Distribution of the selected farms by shrimp farming zone.
2.3 Data collection
Data were collected using a pre-tested structured questionnaire developed after consulting with aquaculture specialists. The questionnaire covered information about the characteristics of farmers, farming operations, shrimp production, risk preference, knowledge, and practice questions on BMPs. Risk preference was assessed through a series of hypothetical coin-flip bets, where respondents chose between options with varying levels of risk and reward.
Knowledge questions were aimed to assess farmers’ fundamental understanding of BMPs, including antibiotic use.

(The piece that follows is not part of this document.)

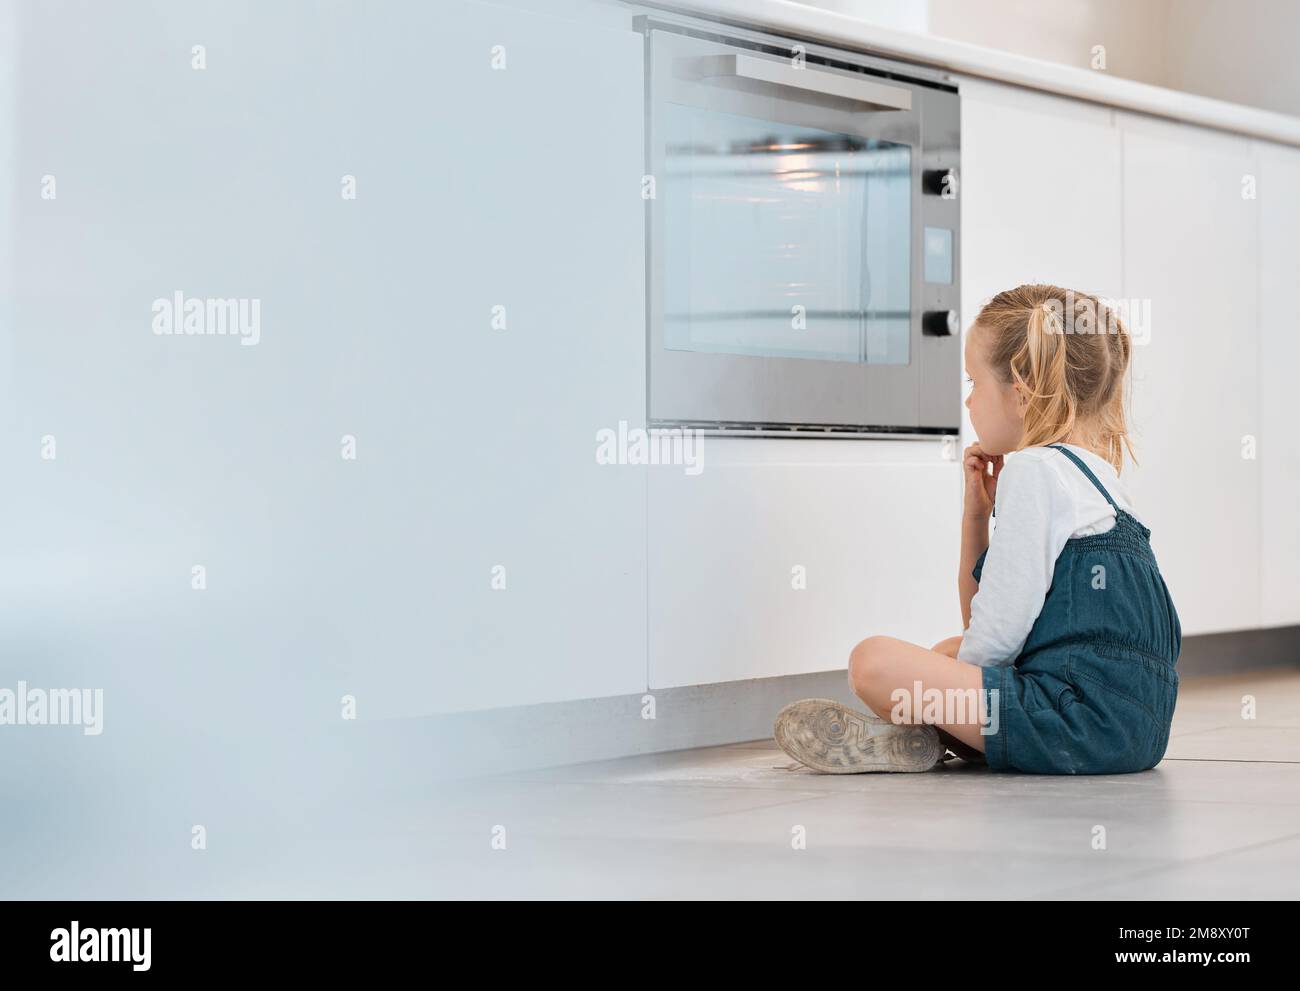 Ein kleines Mädchen, das geduldig am Ofen wartet. Ein weißes Kind, das auf die Ofentür schaut. Das kleine Kind wartet auf seine Backwaren. Blond Stockfoto

Respondents were asked to rate their knowledge of BMPs using a 3-point scale comprising poor, fair, and good options, as guided by the literature (Kambey et al., 2021). Additionally, true and false questions were included regarding antibiotic use. There were 6 basic practiced questions, formulated based on the BMP guidelines provided by NAQDA. These questions determined whether farmers’ behaviors complied with BMPs, and were assessed on a scale that varies depending on the specific practice.

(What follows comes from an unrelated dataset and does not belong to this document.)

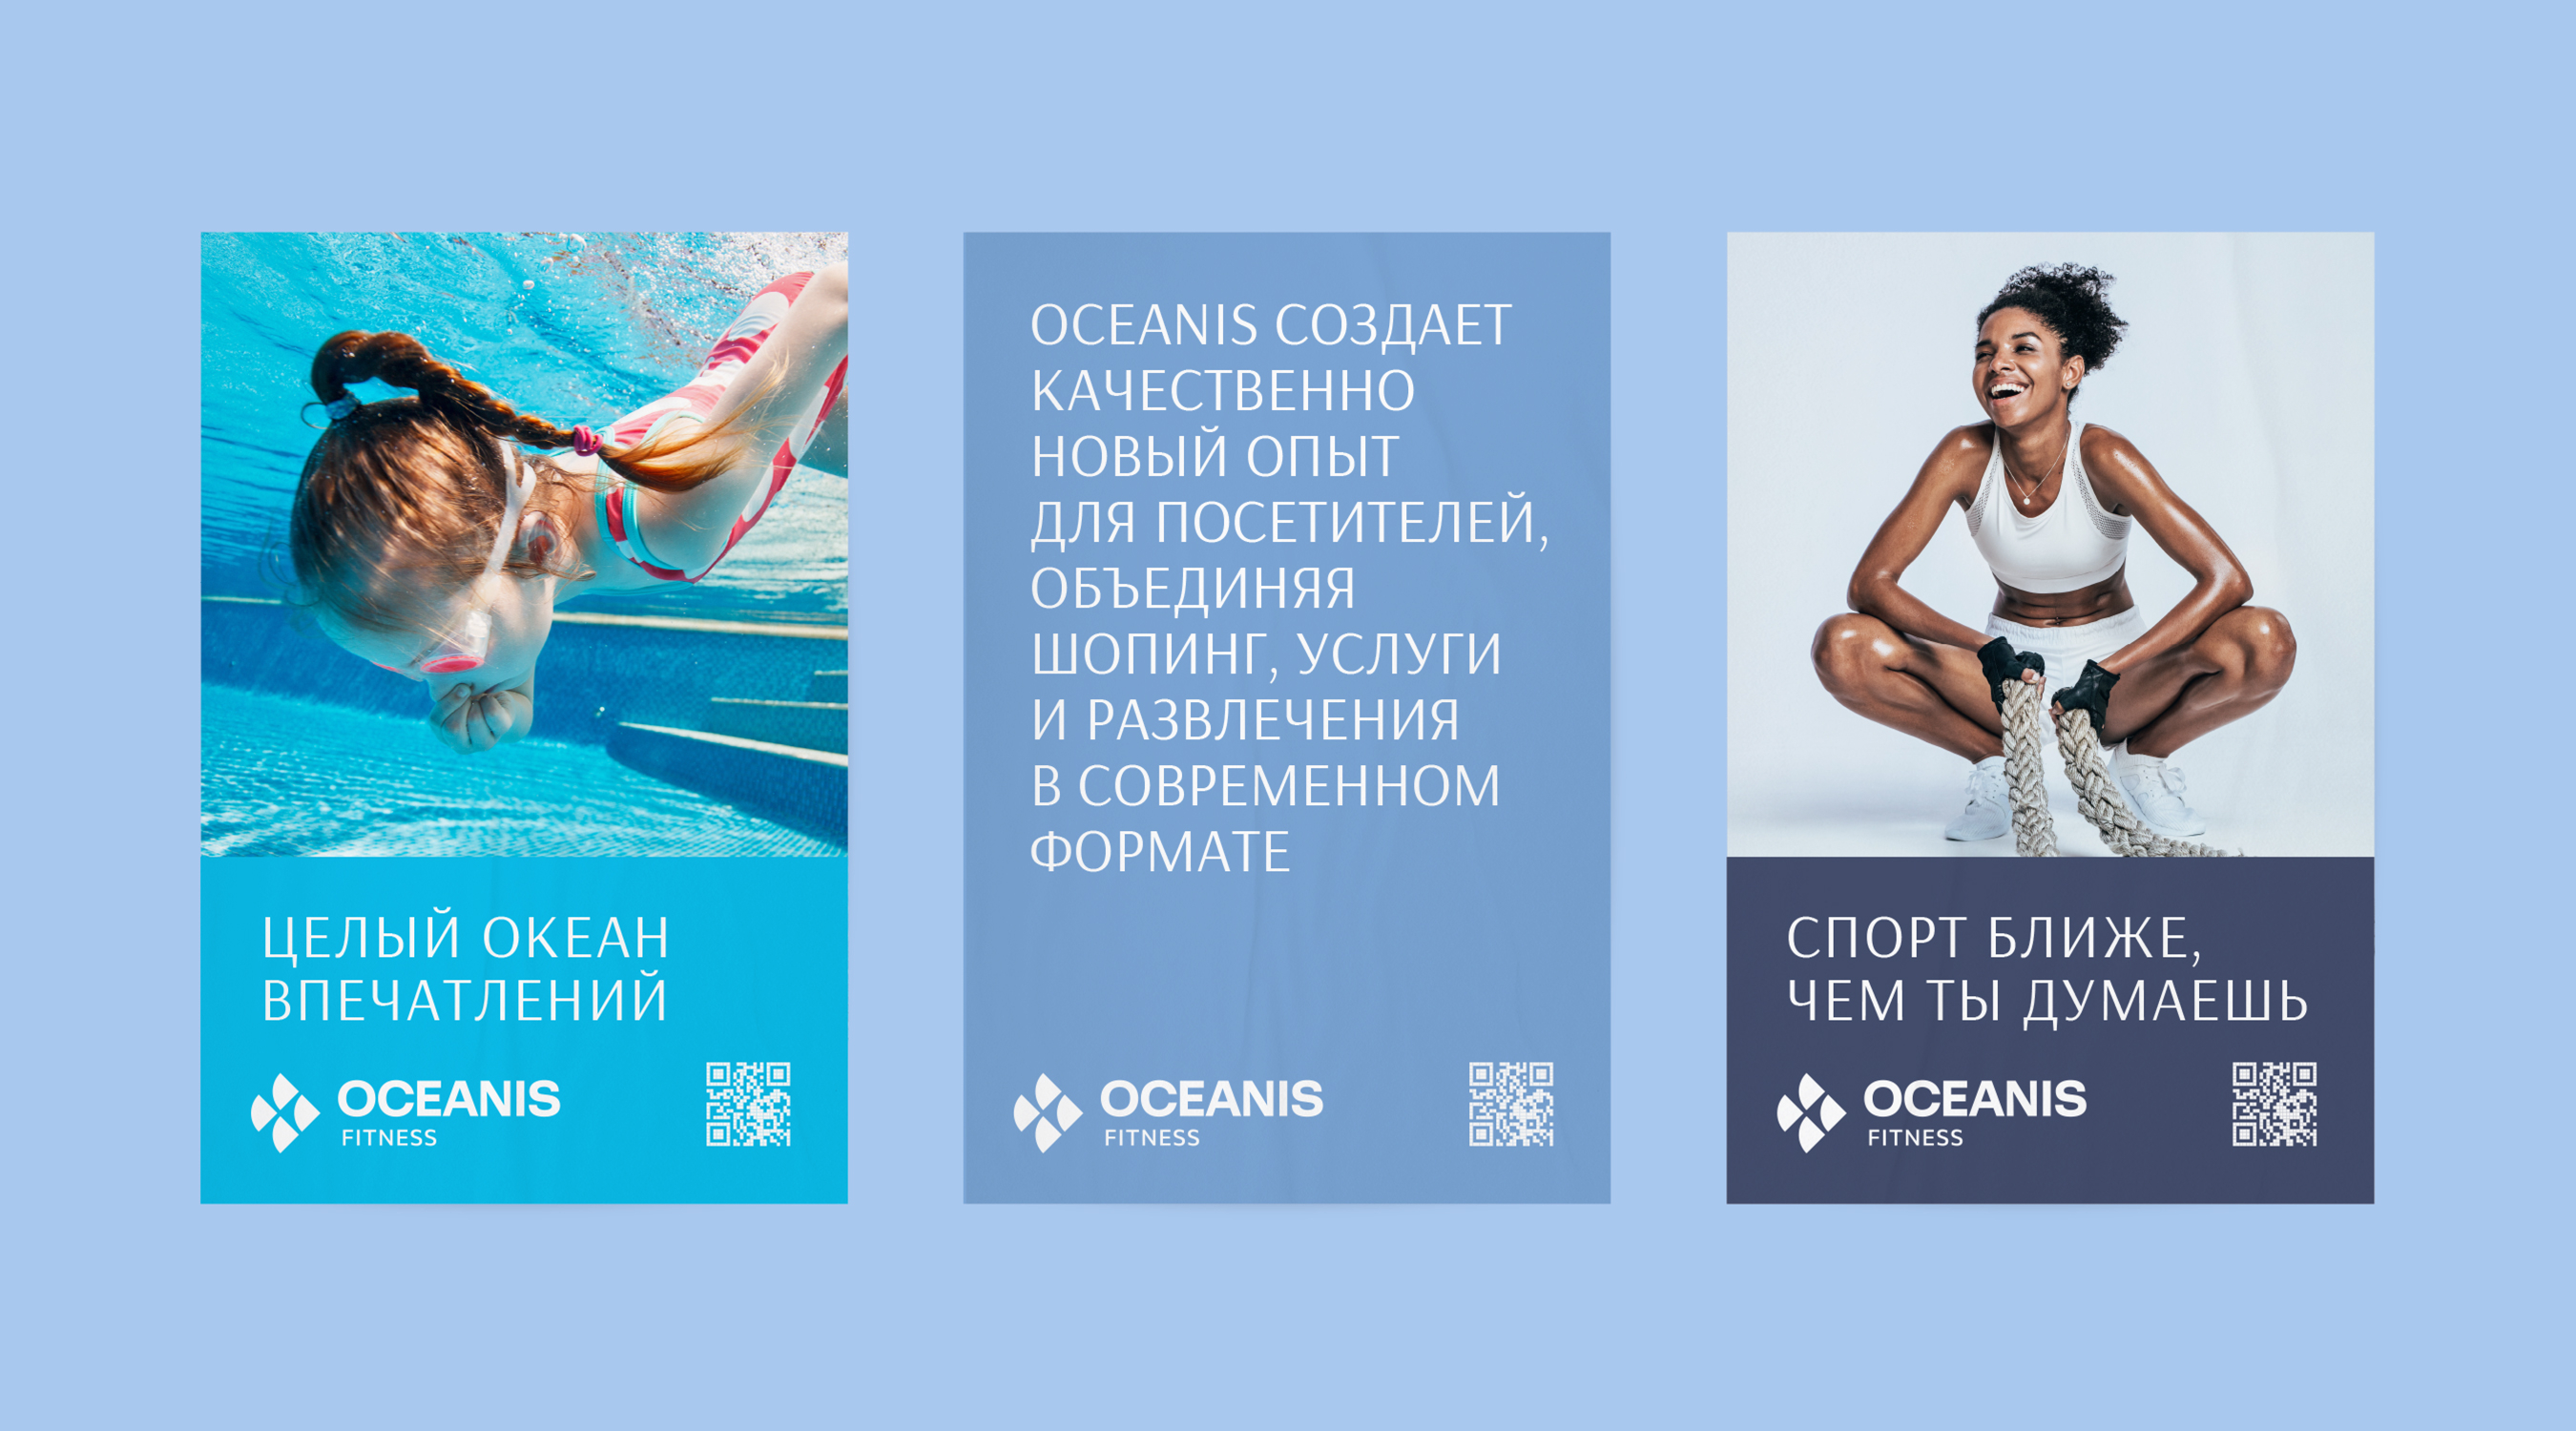 Дизайн рекламы ТРЦ OCEANIS

Data collection was carried out by six trained data collectors who visited each selected farm and conducted interviews with the farm owner or manager. The structured questionnaire was administered during these visits, and interviews typically lasted around 30 min. To comply with COVID-19 health protocols, measures such as social distancing and personal protective equipment were strictly followed. The survey was conducted in Sinhalese, the local language and all participating farmers were fluent in Sinhalese. The data collection took place in October 2021.
2.4 Fundamental aspects of BMPs and study-specific focus
NAQDA classifies shrimp farms into three categories: Grade A, B, and C, based on the level of infrastructure and available facilities. Grade A farms have the highest level of facilities, followed by Grade B, and Grade C. Grade A and B farms must allocate 30% of their total farming volume for water storage tanks and 20% for sedimentation tanks. For grade C farms the storage tank and the sediment tank should be 20% and 10% of the total extent of the culture ponds respectively. All the grow-out ponds in Grade A farms must be lined with DHEP liners.
NAQDA has developed a set of BMP guidelines specific to each farm grade covering 13 key aspects; (1) basic requirements, (2) pond water preparation, (3) post-larvae selection, (4) post-larvae transport, (5) stocking, (6) feeding, (7) water quality, (8) shrimp health, (9) wastewater management, (10) disease reporting, (11) harvesting, (12) recordkeeping, and (13) changing the culture species. This study focuses on Grade C farms, as they constitute the majority of shrimp farms. Six fundamental BMPs were selected for the analysis; pond preparation, water quality management, shrimp stocking density, feeding management, shrimp health management, and wastewater management because they are critical for minimizing disease risks and improving farm sustainability.
2.5 Data analysis
Descriptive statistics were used to describe shrimp farmers’ and farming characteristics, correct knowledge answers, and various practices regarding the BMPs. Farmers’ knowledge of BMPs was assessed based on their responses to the knowledge question rated as poor, fair, and good. In evaluating BMP adoption, scores were assigned to responses for each practice question (e.g., 1 for adherence, 0 for non-adherence). The practice questions are shown in Table 6. Subsequently, the overall practice level of each farmer was categorized as poor, fair, or good based on the total score: below 50% for poor, 50–75% for fair, and above 75% for good.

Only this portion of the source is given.